Dia menambahkan bahwa jika harga minyak terus naik, volatilitas pasar dapat berlanjut.
Para trader kini melihat probabilitas kenaikan suku bunga pada bulan ini sebesar 58,4 persen, berdasarkan CME FedWatch.
Memasuki bulan ketujuh, perang AS-Iran masih menjadi beban bagi pasar saham. Ketegangan kembali meningkat di kawasan tersebut, sehingga menambah risiko meluasnya konflik.
Harga minyak mentah Brent mendekati USD100 per barel dan berada di level tertinggi sejak akhir Juli, setelah kelompok Houthi yang didukung Teheran menyerang fasilitas energi dan sejumlah kota di Arab Saudi, yang merupakan sekutu AS, pada Selasa.
Lalu lintas pelayaran melalui Selat Hormuz melambat, sementara Iran mengancam akan melakukan pembalasan jika AS melancarkan serangan baru.
Kenaikan harga minyak membuat prospek inflasi menjadi semakin sulit diprediksi,” kata senior financial market analyst di Capital.com, Kyle Rodda.
Sektor energi menjadi sektor dengan kinerja terbaik di S&P 500, naik 1,49 persen.
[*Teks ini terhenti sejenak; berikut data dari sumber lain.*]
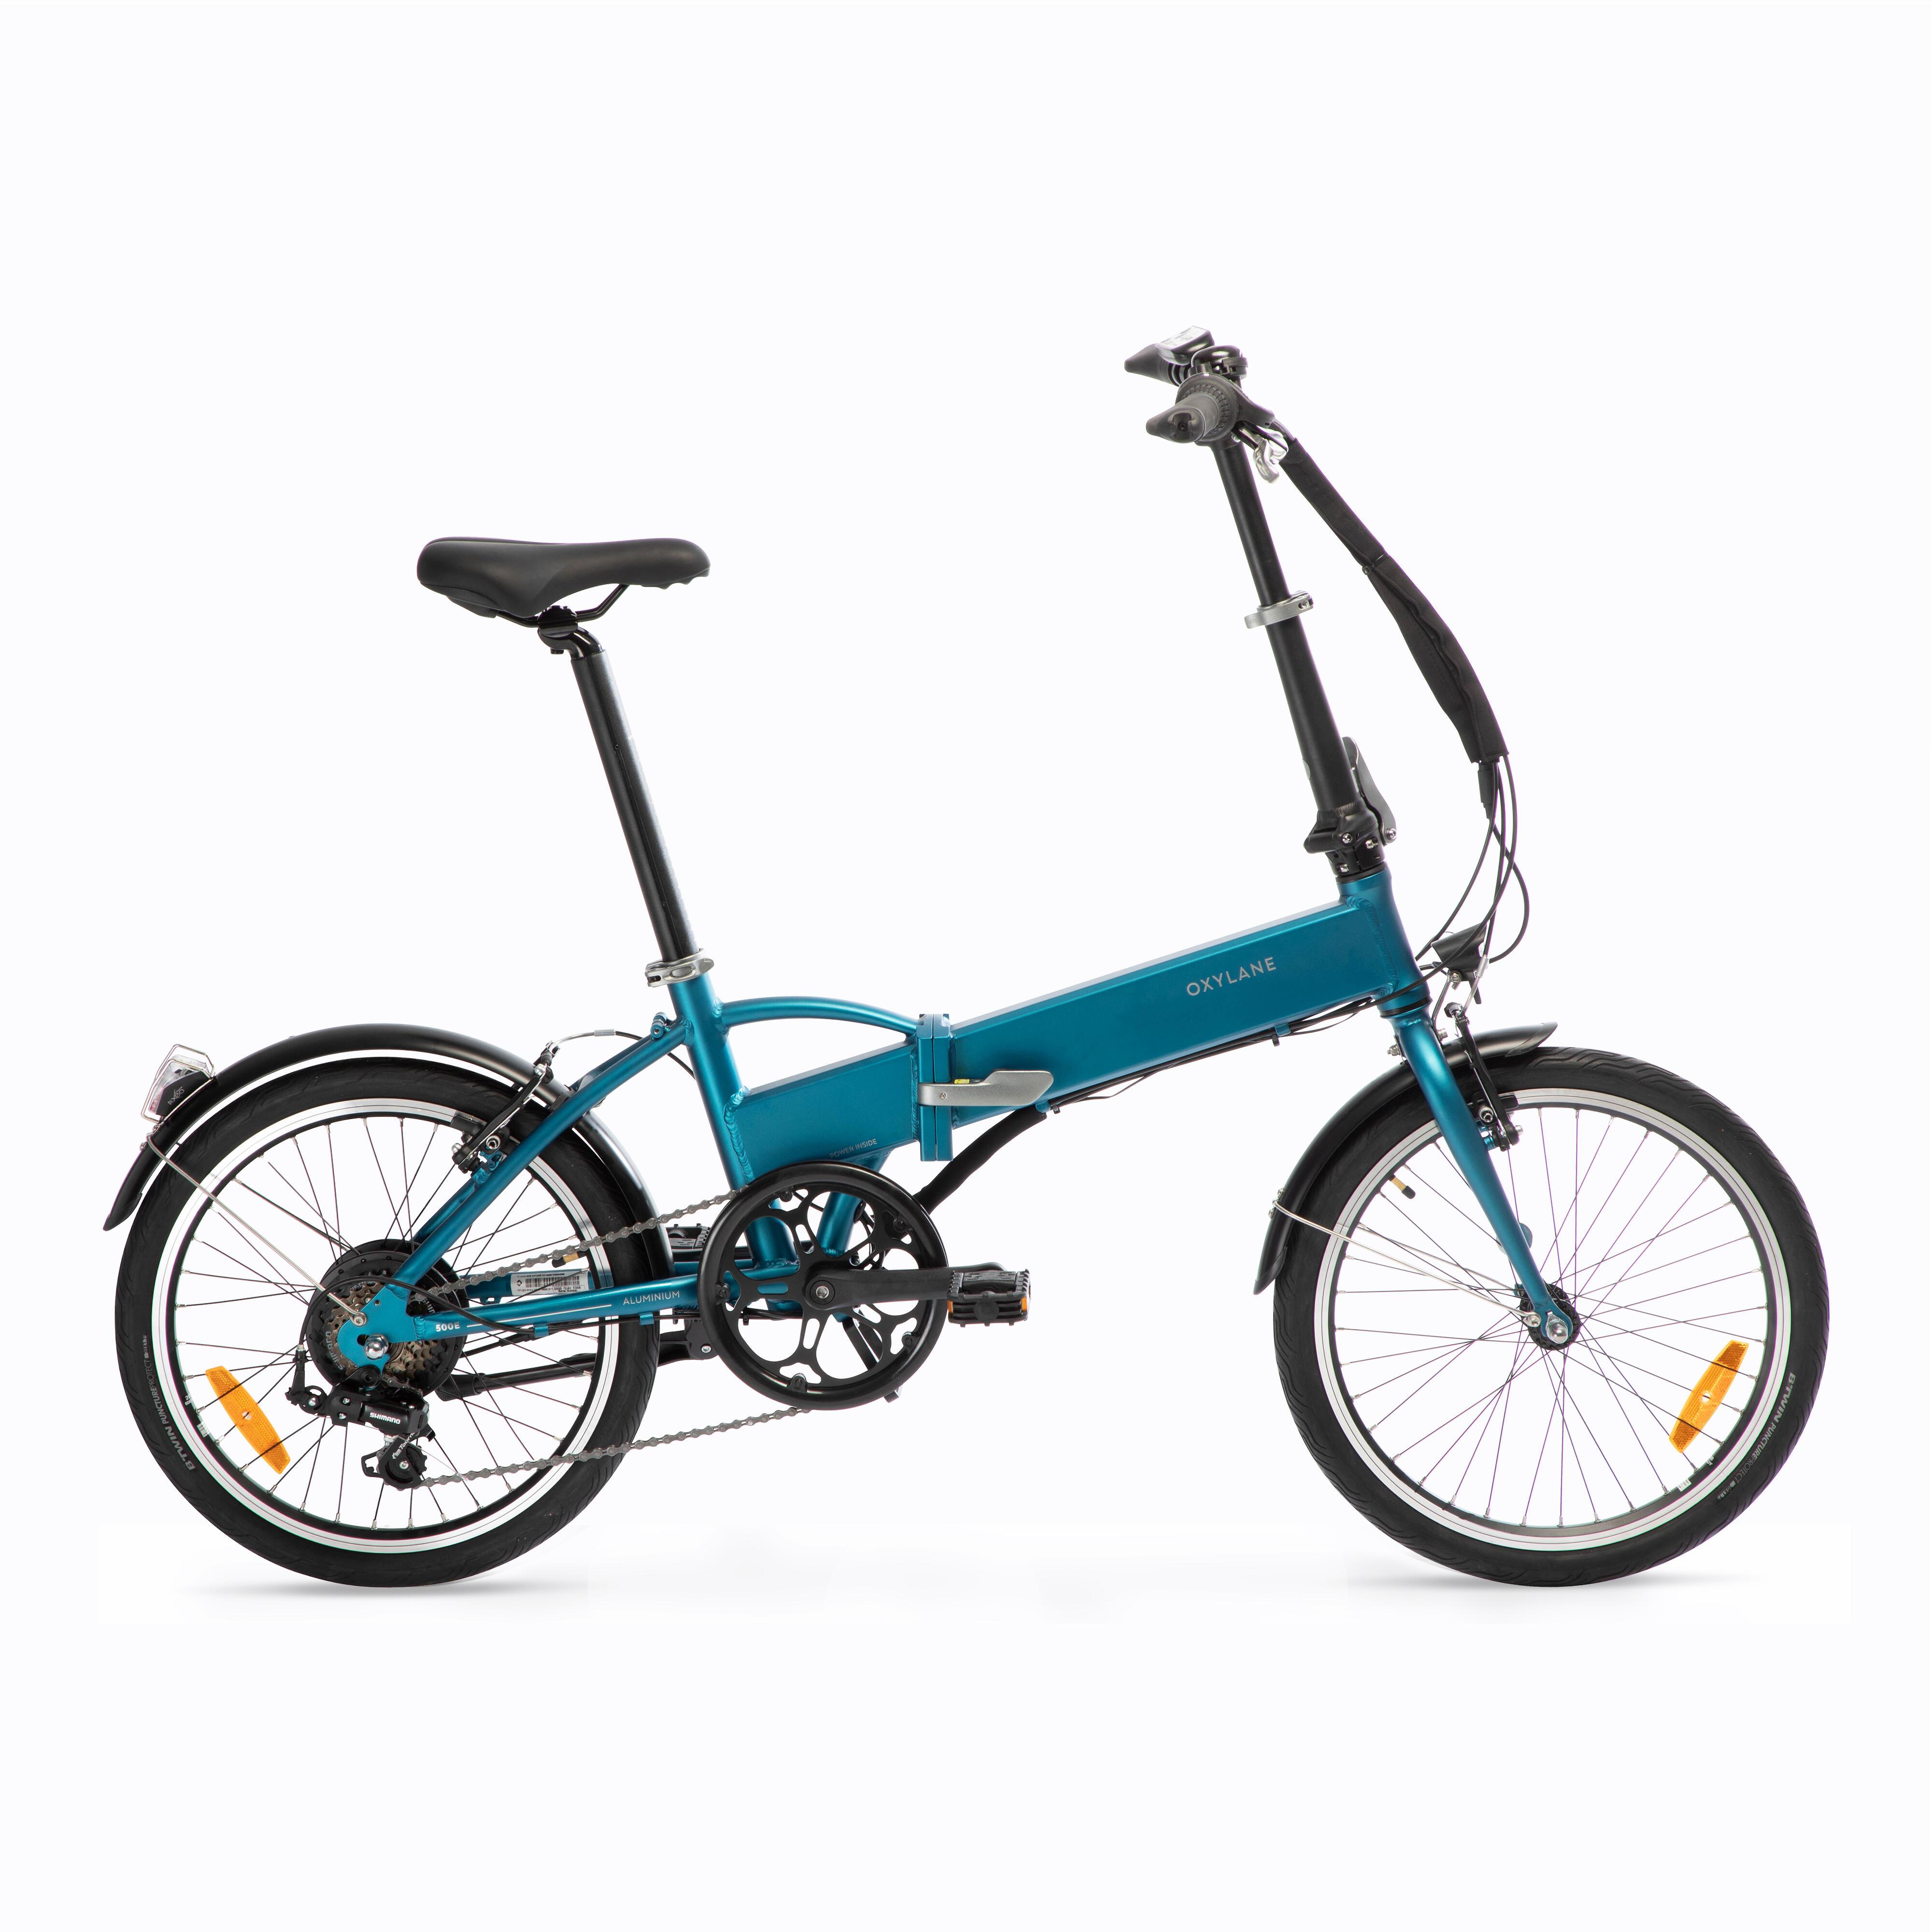 BTWIN Bici pieghevole a pedalata assistita TILT 500 E azzurra

Saham Marathon Petroleum naik 1,85 persen, sementara Occidental Petroleum menguat 2,07 persen.
Sektor utilitas dan material dasar juga masing-masing naik 0,7 persen dan 0,1 persen.
Kenaikan imbal hasil (yield) surat utang pemerintah AS yang dianggap sebagai aset bebas risiko dalam beberapa pekan terakhir membuat saham menjadi kurang menarik bagi investor, karena mereka harus mengambil risiko lebih besar untuk berinvestasi di pasar saham.
Yield obligasi pemerintah AS tenor 10 tahun naik 0,42 basis poin menjadi 4,7882 persen pada Selasa.
Saham perusahaan pembuat chip menguat, didorong optimisme terhadap perkembangan kecerdasan buatan (AI).
Intel melonjak 5,99 persen, sedangkan Qualcomm naik 5,14 persen setelah perusahaan tersebut mencapai kesepakatan senilai USD4 miliar dengan Amazon untuk mengembangkan chip AI khusus.
Di NYSE, jumlah saham yang mengalami penurunan lebih banyak daripada saham yang naik dengan rasio 1,41 banding 1. Di Nasdaq, rasionya mencapai 1,62 banding 1.
S&P 500 mencatat tiga saham yang mencapai level tertinggi dalam 52 minggu terakhir dan empat saham yang mencapai level terendah baru. Sementara itu, Nasdaq Composite mencatat 27 saham yang mencapai level tertinggi baru dan 57 saham yang mencapai level terendah baru.